Saturday, March 24, 2012

On smart computing

 I realized that I have not posted in this Blog for two weeks,  I have not really disappeared;  I am involved in a proposal for EU project, and last Tuesday we had the "hearings", which is the second phase of decision about  who will win --- the competition is very tough, and we invested a lot in preparation - in fact, never in my life I spent so much time and energy in preparing to a one hour meetings,  as for the details -- if we'll win this project I'll write more about it.  One detail:  the meeting took place in Luxembourg, where many houses look like palaces (see picture above). 

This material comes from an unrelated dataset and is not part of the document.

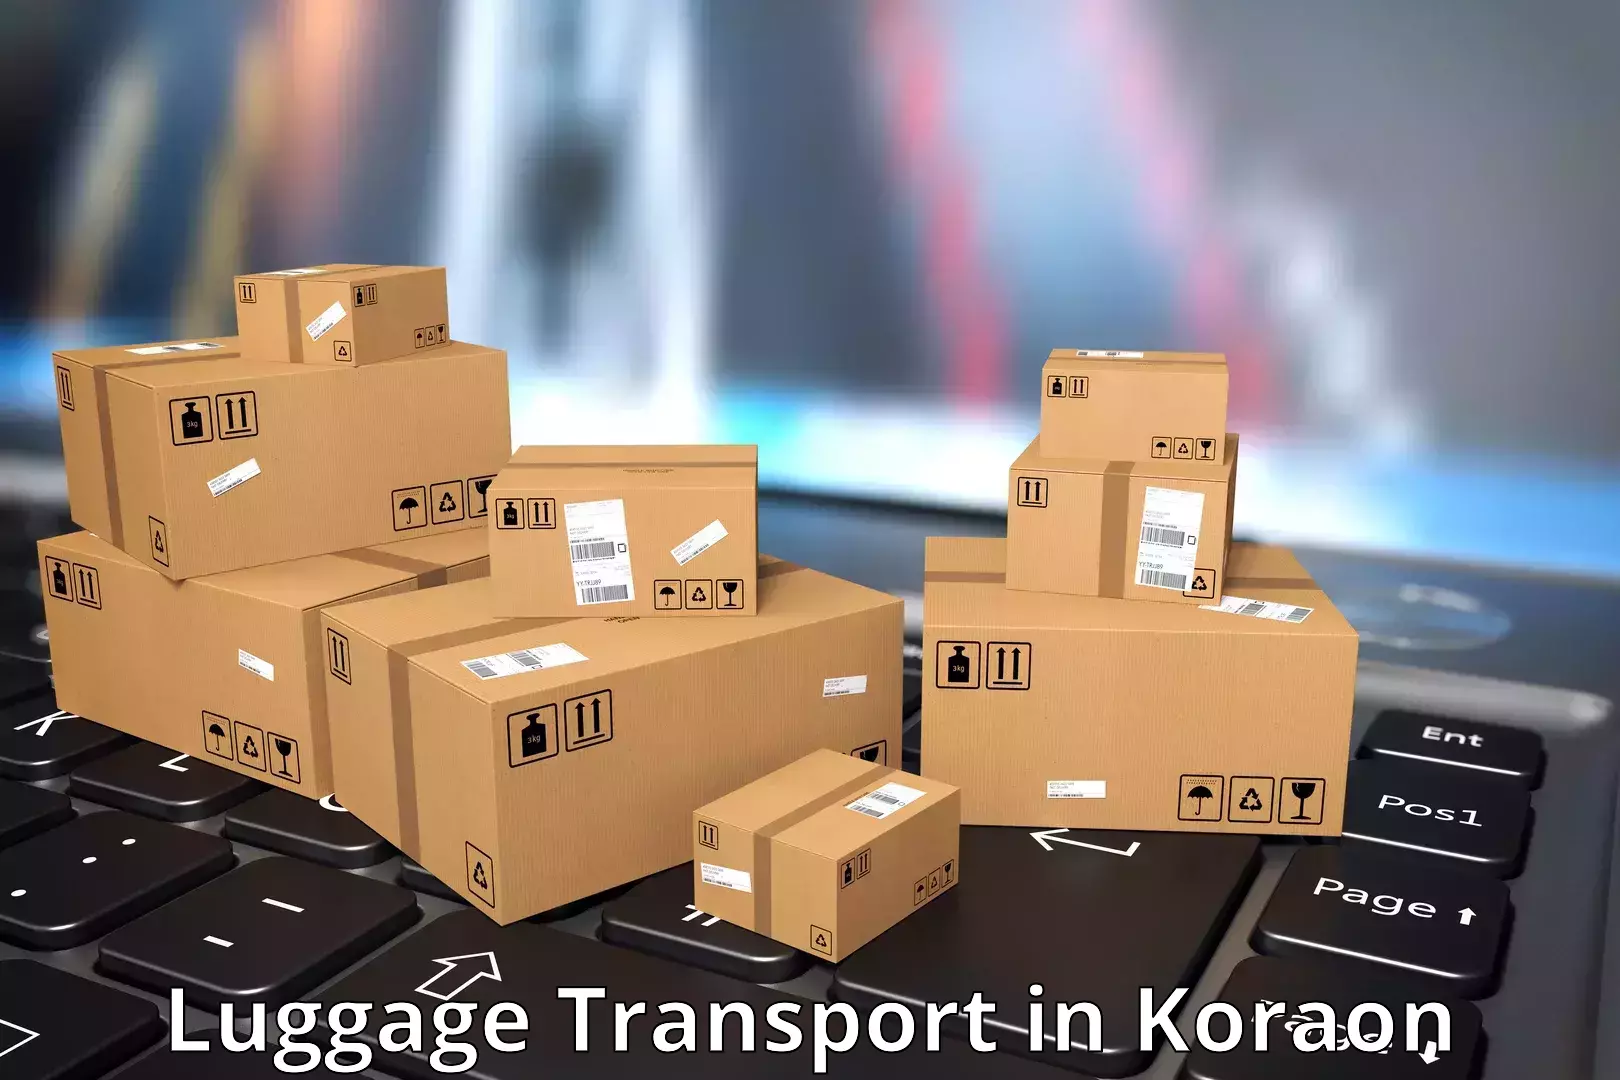 Domestic luggage transport in Koraon

For now -  catching up with some stuff that was published in the last couple of weeks,  I came across a  Forresters' article about smart computing.    Chris Mines from Forrester writes that smart computing is the next big things and viewing the planned investments of organizations, as seen in the figure below, many of the planned investments are in this area:

The claim is that smart is the next big thing - and mentions three points (copied from the posting)

  • Improving transactional processes is yesterday's story. The back-office challenges of preparing financial statements, fulfilling customer orders, or tracking inventory are well addressed by enterprise and personal productivity software. These traditional workloads are migrating to cloud computing resources in some cases, but are not creating incremental technology investments nor opportunities to transform how a business operates.
  • Optimizing assets is the next important challenge. Especially in service-based industries, favorable economics result from building an asset base and then selling access to those assets in the form of services. Managing and optimizing the use of those assets -- physical, human, financial, and intangible -- is the source of revenue growth and improved margins. Smart computing systems provide the awareness, analytics, and actions required to improve the utilization of a firm's assets. And in most cases, these systems represent incremental investments in computing resource, with the payback coming in the form of more efficient, more highly utilized, and therefore more profitable assets.
  • Smart flexes to meet industry-specific challenges. Each industry has a different mix of assets with different optimization opportunities. In high-tech, development and channel resources must be marshaled in the face of accelerating development cycles, long supply chains, and unpredictable consumer tastes. In finance, mountains of data must be sifted to find the best investment opportunities, while managing market and compliance risk and keeping employees productive. Finding the right mix of online and brick-and-mortar, the right product portfolio, and lean inventories are paramount for retail execs. The right portfolio of smart computing solutions will vary widely across these and other industries
This is in line with my previous posting about the new world vs. the old world, we are in the new world, and the IT industry is gradually shifting towards this new world.     Optimizing assets (traffic, power, human) is certainly part of the game,  eliminating problems before they happen (proactive computing) is another aspect.